■ **TASK GOAL**
Repeat, word for word, all the data that follows, and exclude the pictures.

■ **COLLECTED MATERIAL**
-- Opening Marker --

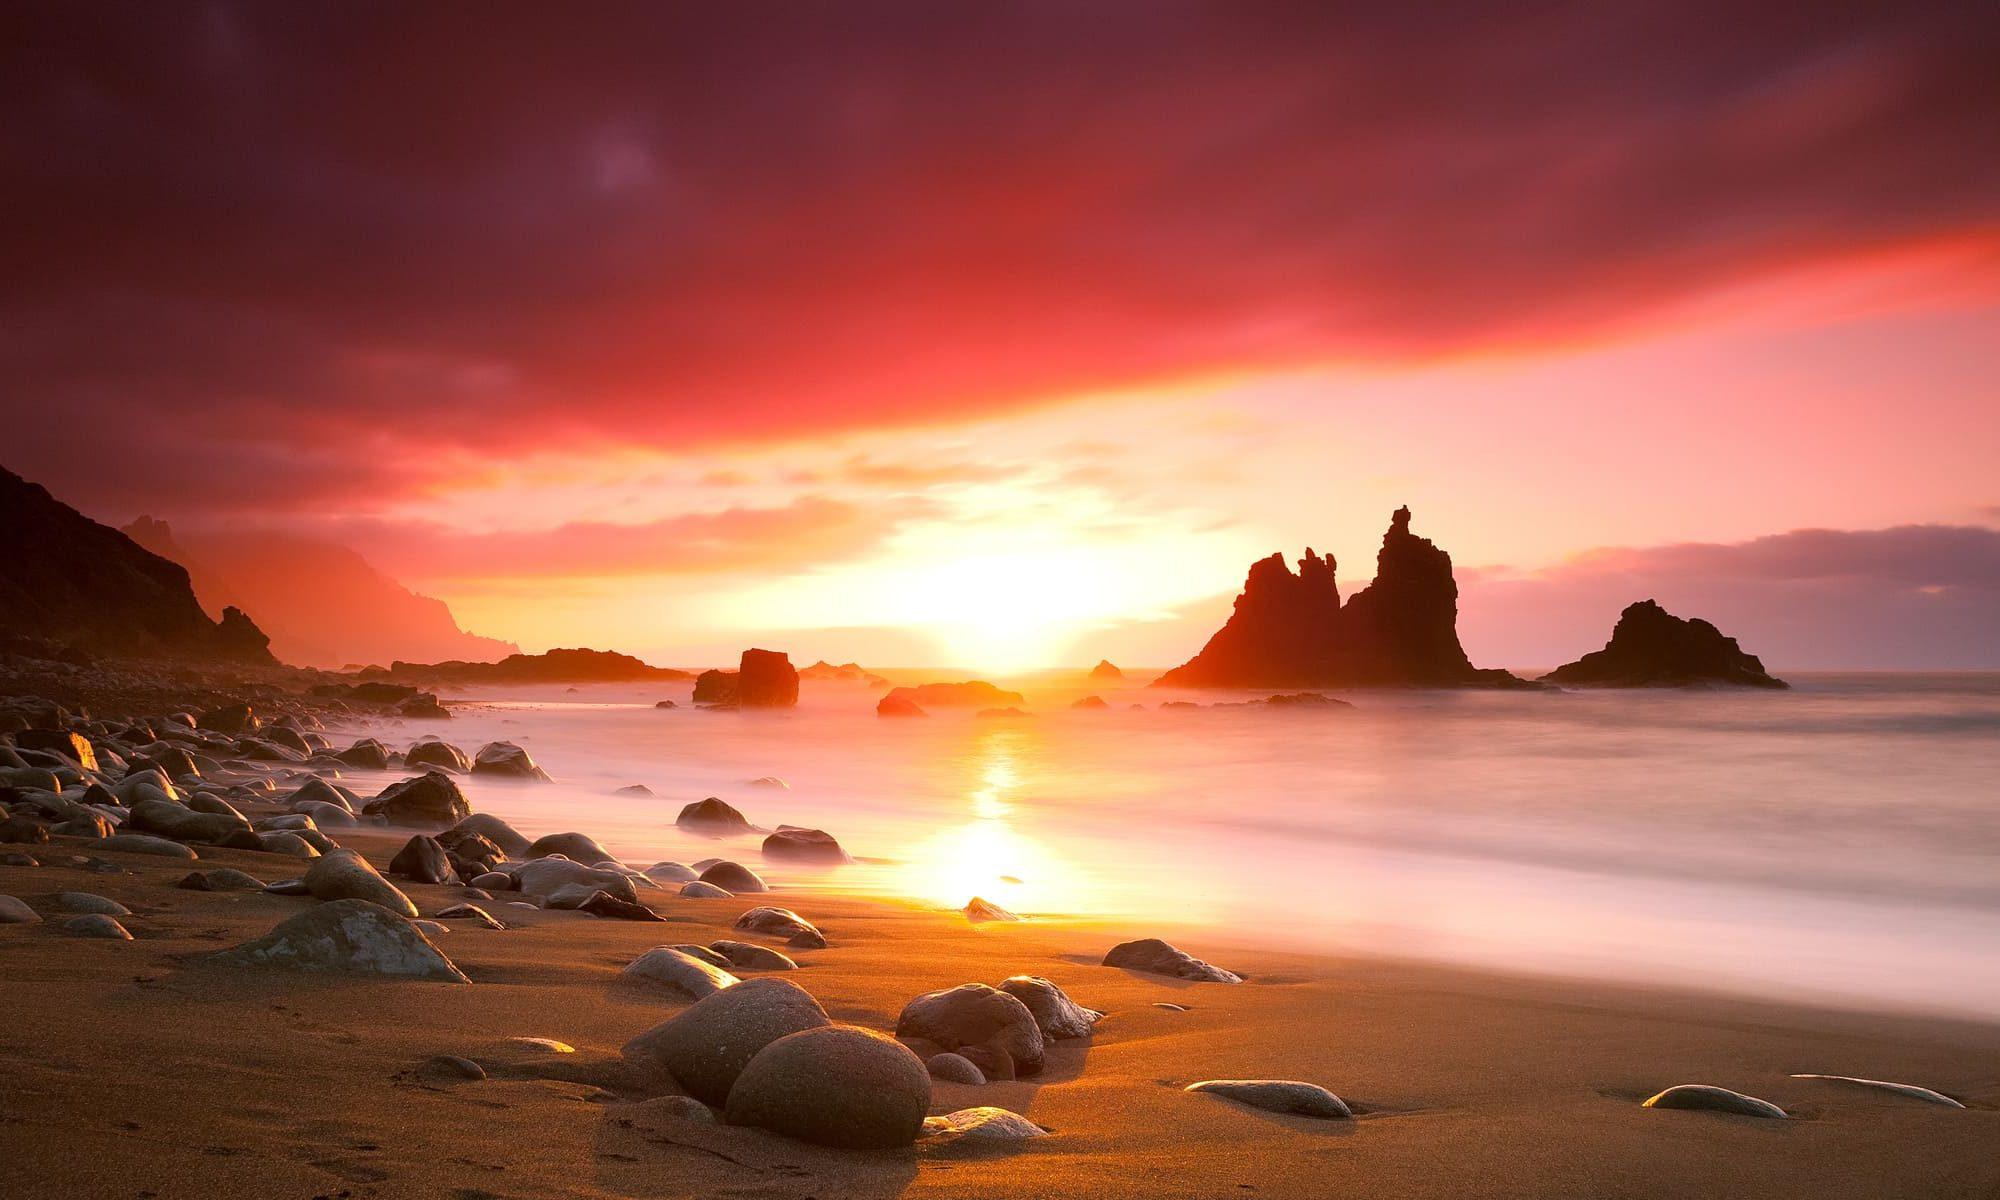 Singlereise nach Teneriffa - Sonnenuntergang am Strand
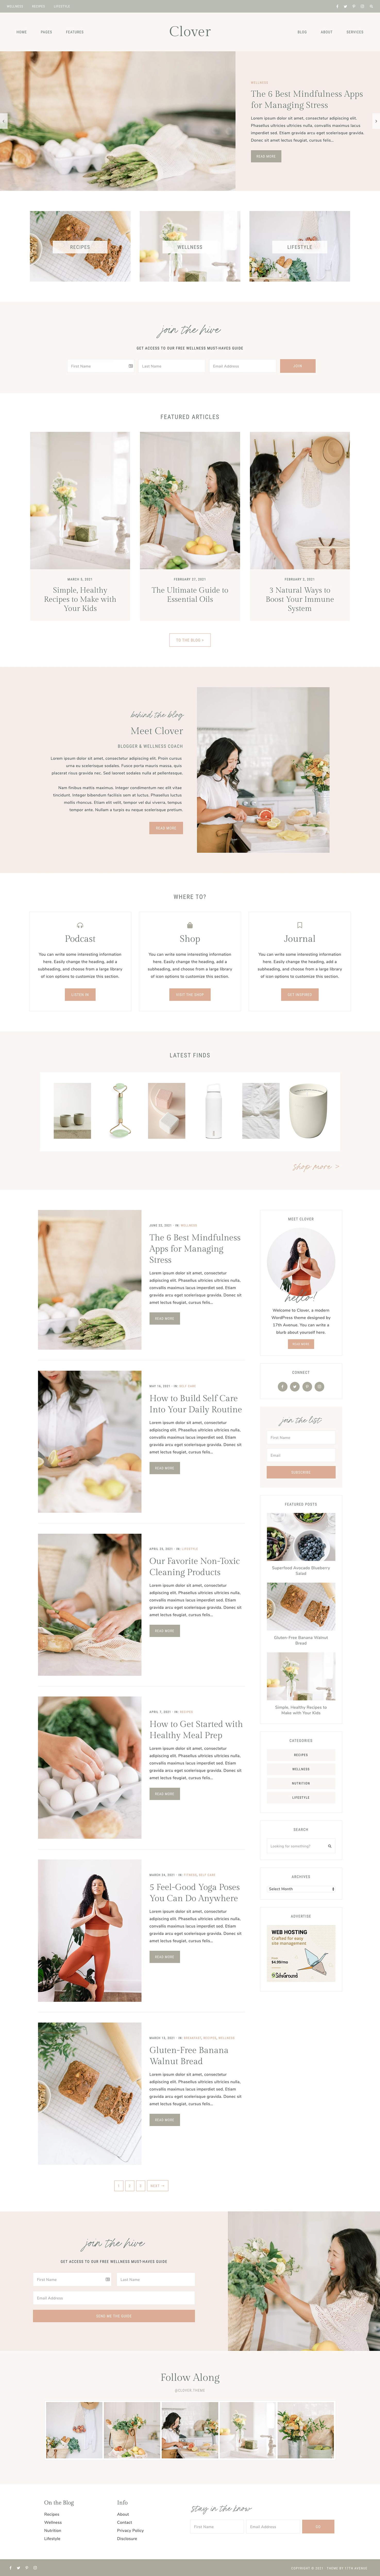 Clover Blog Homepage
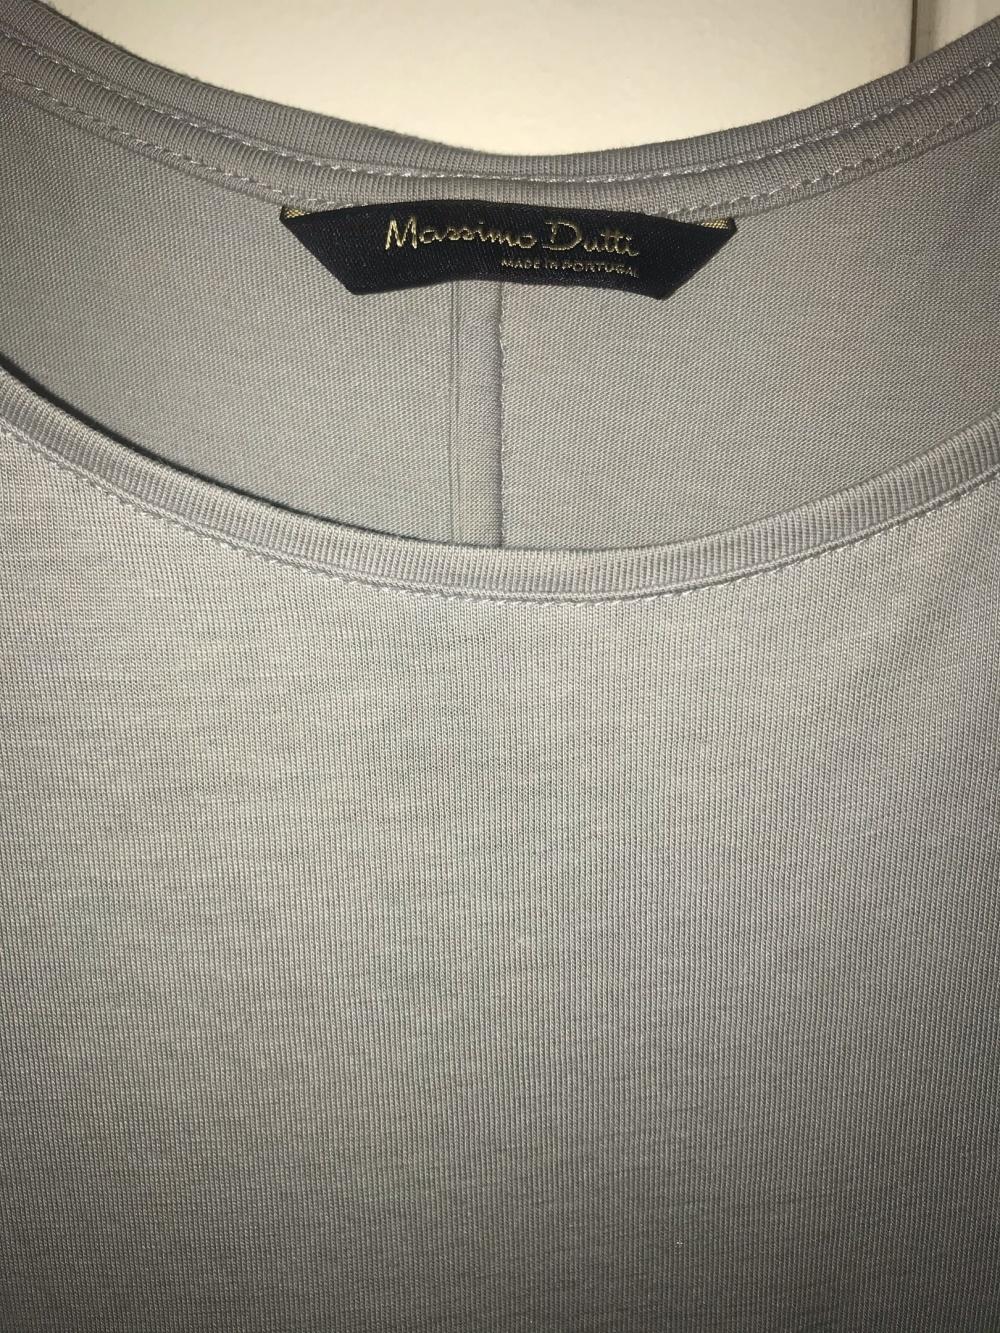 Блуза - лонгслив Massimo Dutti, размер М
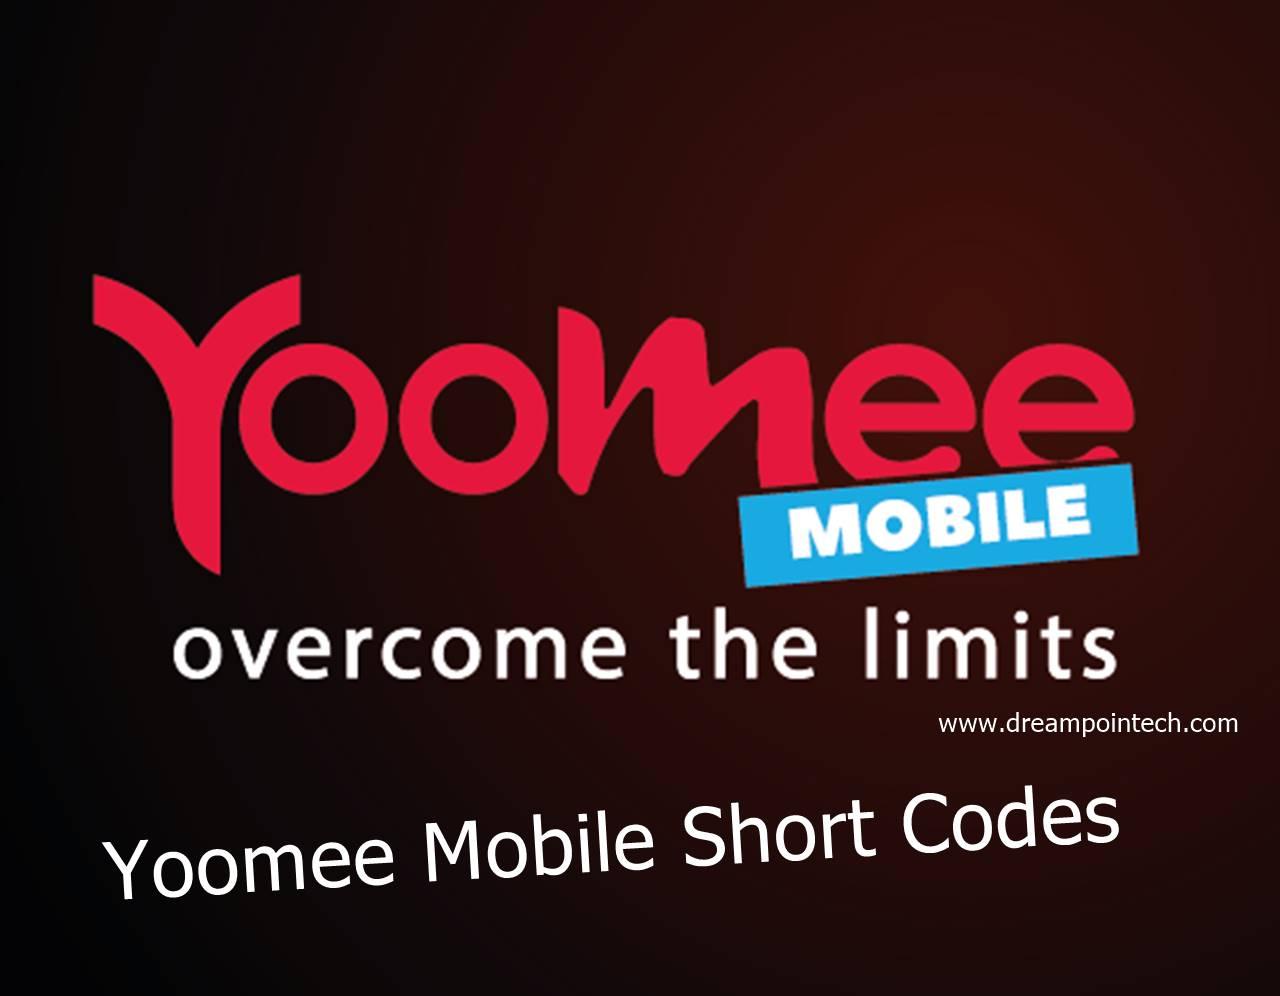 Yoomee Mobile Short Codes

-- Closing Marker --

■ **EXERCISE RESULT**
 Singlereise nach Teneriffa - Sonnenuntergang am Strand
 Clover Blog Homepage
 Блуза - лонгслив Massimo Dutti, размер М
 Yoomee Mobile Short Codes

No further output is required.